## [RECORDED DATA]
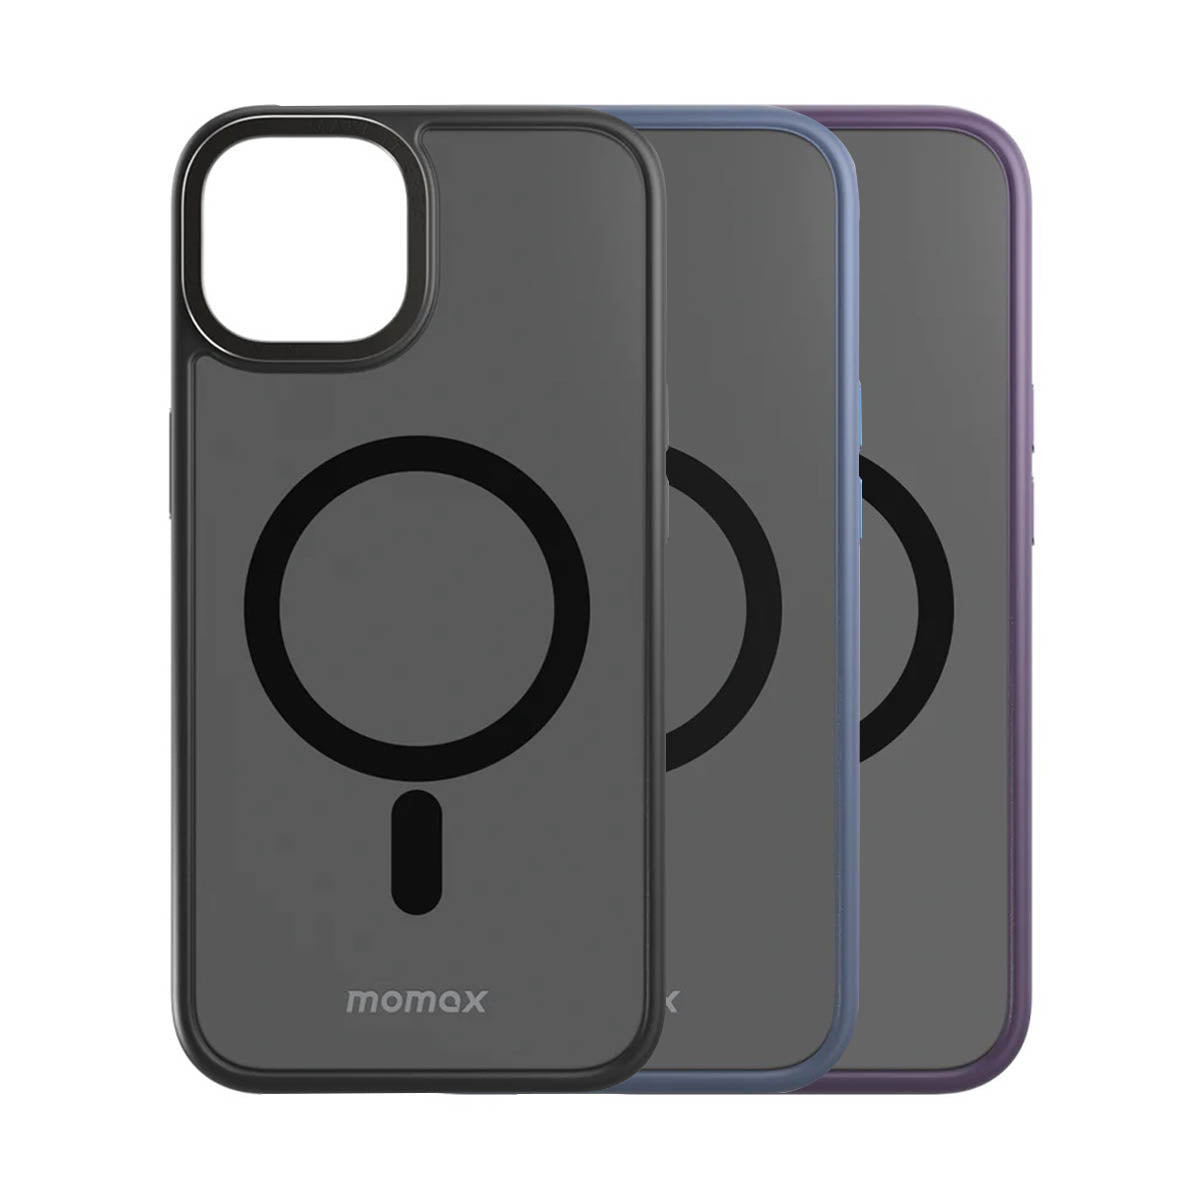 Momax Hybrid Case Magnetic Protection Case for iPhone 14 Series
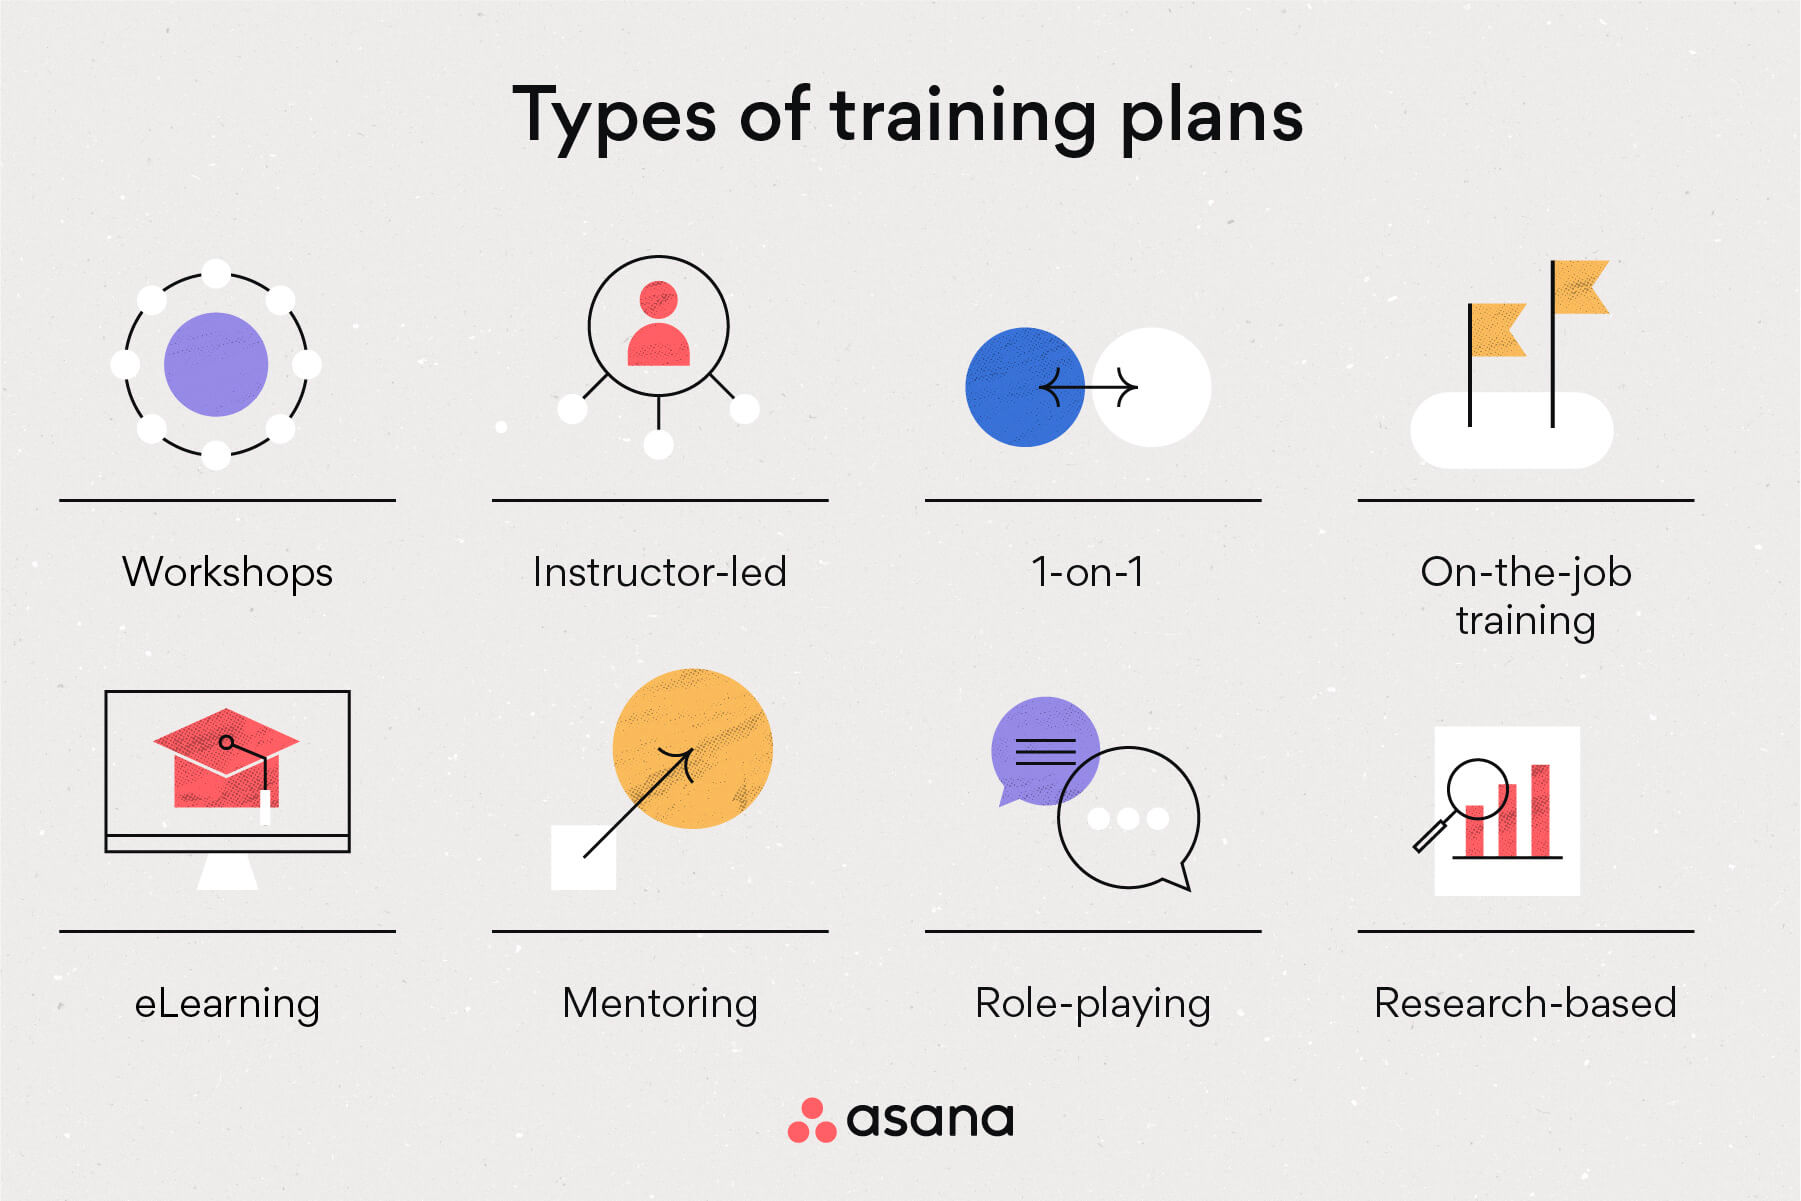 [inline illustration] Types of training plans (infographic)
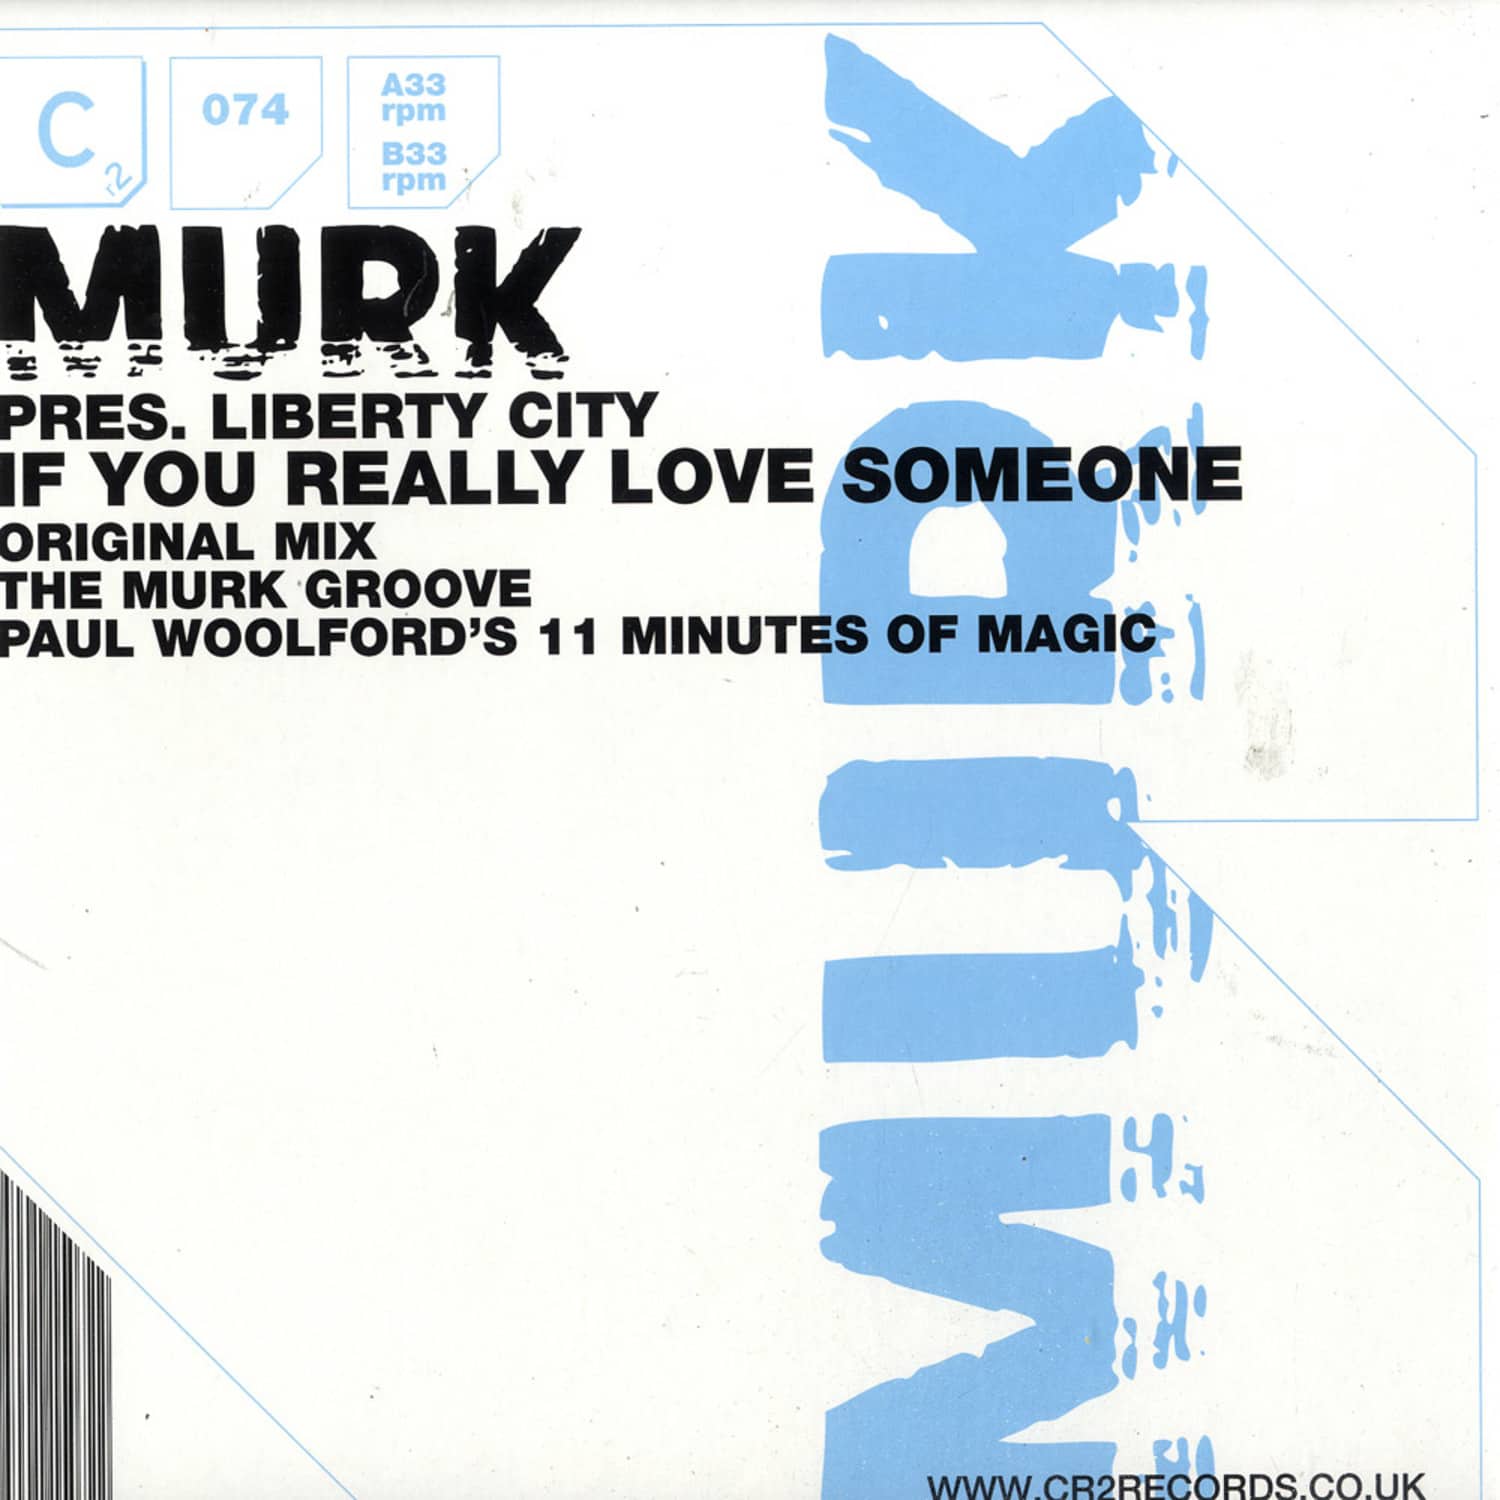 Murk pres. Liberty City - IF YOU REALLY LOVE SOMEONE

## [PROBLEM DETAILS]
Pictures stay out; reproduce exactly the lines from the one containing "[inline illustration] Types" through the end of the data.

## [RESULT OF THIS EXERCISE]
 [inline illustration] Types of training plans (infographic)
 Murk pres. Liberty City - IF YOU REALLY LOVE SOMEONE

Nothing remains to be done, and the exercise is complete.